Она развернула ткань и накинула на себя такой же плащ, который был на Падифе. У нее тряслись руки от страха и она не могла зашнуровать накидку на груди. Мужчина подскочил к ней, шлепнул ее по ладоням и быстро затянул веревки вместо нее. Он накинул ей капюшон на голову.

– Иди спокойно и медленно, молчи, не останавливайся, – только и сказал он и, ухватив ее за конец бечевки, которой опоясал, пошел ко входу.

Когда он дернул ее, Энди ступила шаг вперед, но больше не двинулась. Падиф снова дернул ее, но она уперлась стопами в пол. В ответ на молнии в его глазах она замотала головой в стороны.

– Нет. Нет-нет. Я не собака, чтобы вы все так со мной обращались, – забормотала она, смотря в нетерпеливые черные глаза.

Взгляд Падифа расширился, а в лице его вдруг наступило понимание. Он ослабил веревку.

– Энди, так нужно, без этого я не смогу вывести тебя, – неожиданно ровным и спокойным голосом сказал он.

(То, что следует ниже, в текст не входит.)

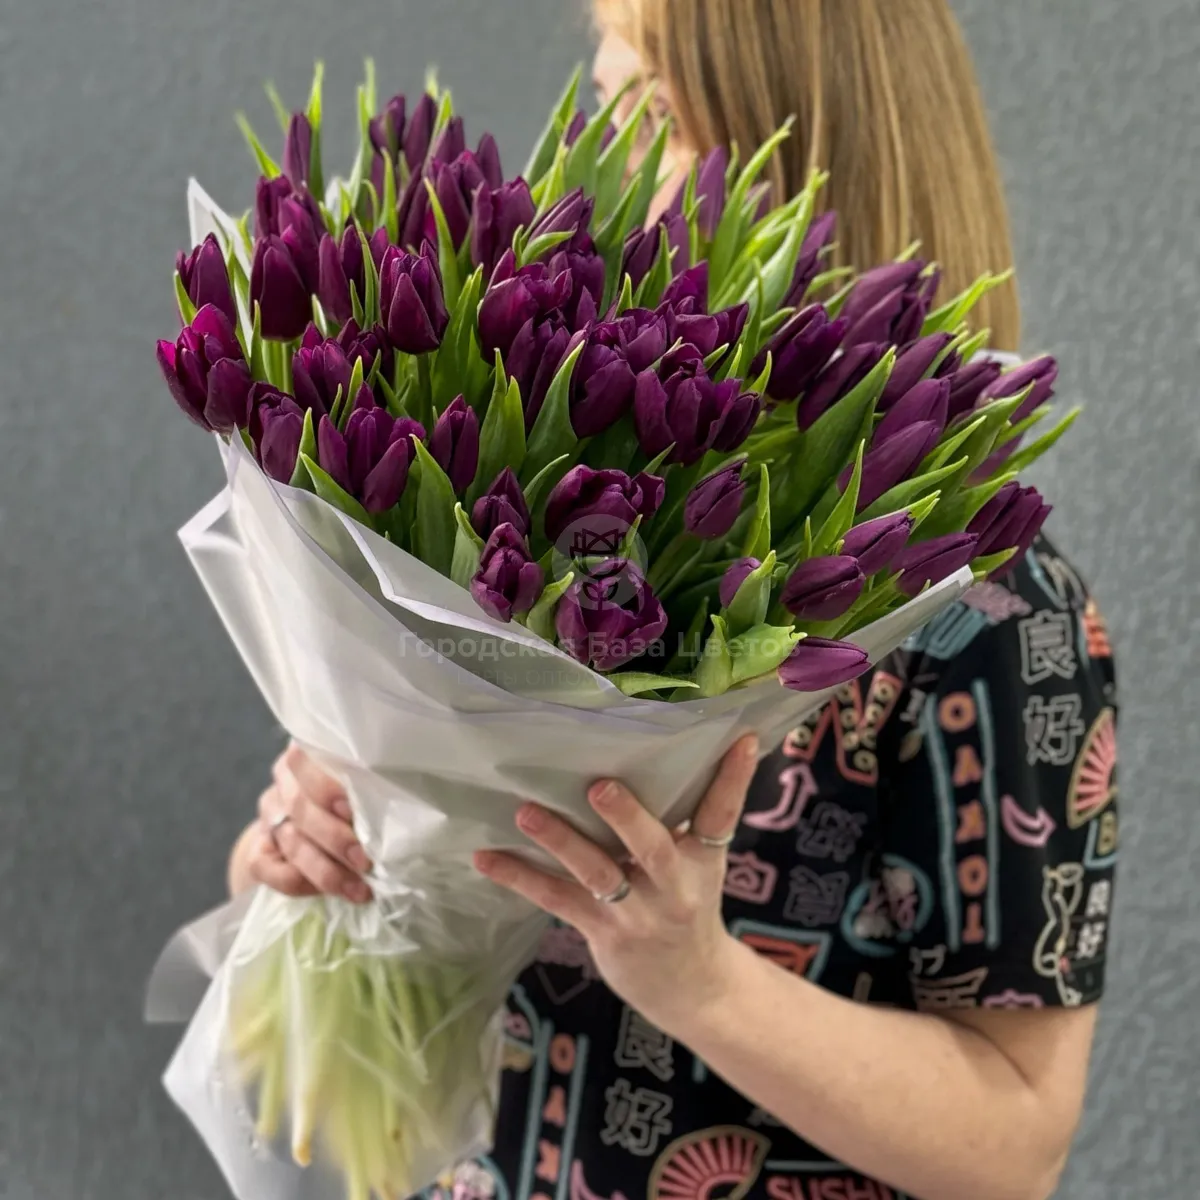 59 бордово-фиолетовых тюльпанов

Его слова убаюкивали, но она не могла двинуться с места.

– Либо ты идешь так, либо ты не идешь, – уже холоднее промолвил он.

Она качала головой, в которой танцевали противоречивые мысли. Наконец, она опустила взгляд и ступила вперед. Падиф медленно кивнул, развернулся и натянул веревку.

Сквозь узкий проход они вышли в не менее узкий каменный коридор. По стенам были развешаны горящие факелы: в мерцании огня казалось, что камни зорко следят за преступниками и переговариваются между собой.

Они прошли несколько метров до поворота. Падиф осторожно ступил за него, уводя ее за собой. По бокам были двери от других камер, воздух тяжелел от тишины.

Падиф шел плавно: балахон на его плечах будто скользил по полу без тела. С каждым его шагом Энди казалось, что он становился все более невесомым, легким, даже прозрачным. Вот уже она едва видела черный цвет его одежды, различала блеск его глаз – еще несколько шагов, и он исчез.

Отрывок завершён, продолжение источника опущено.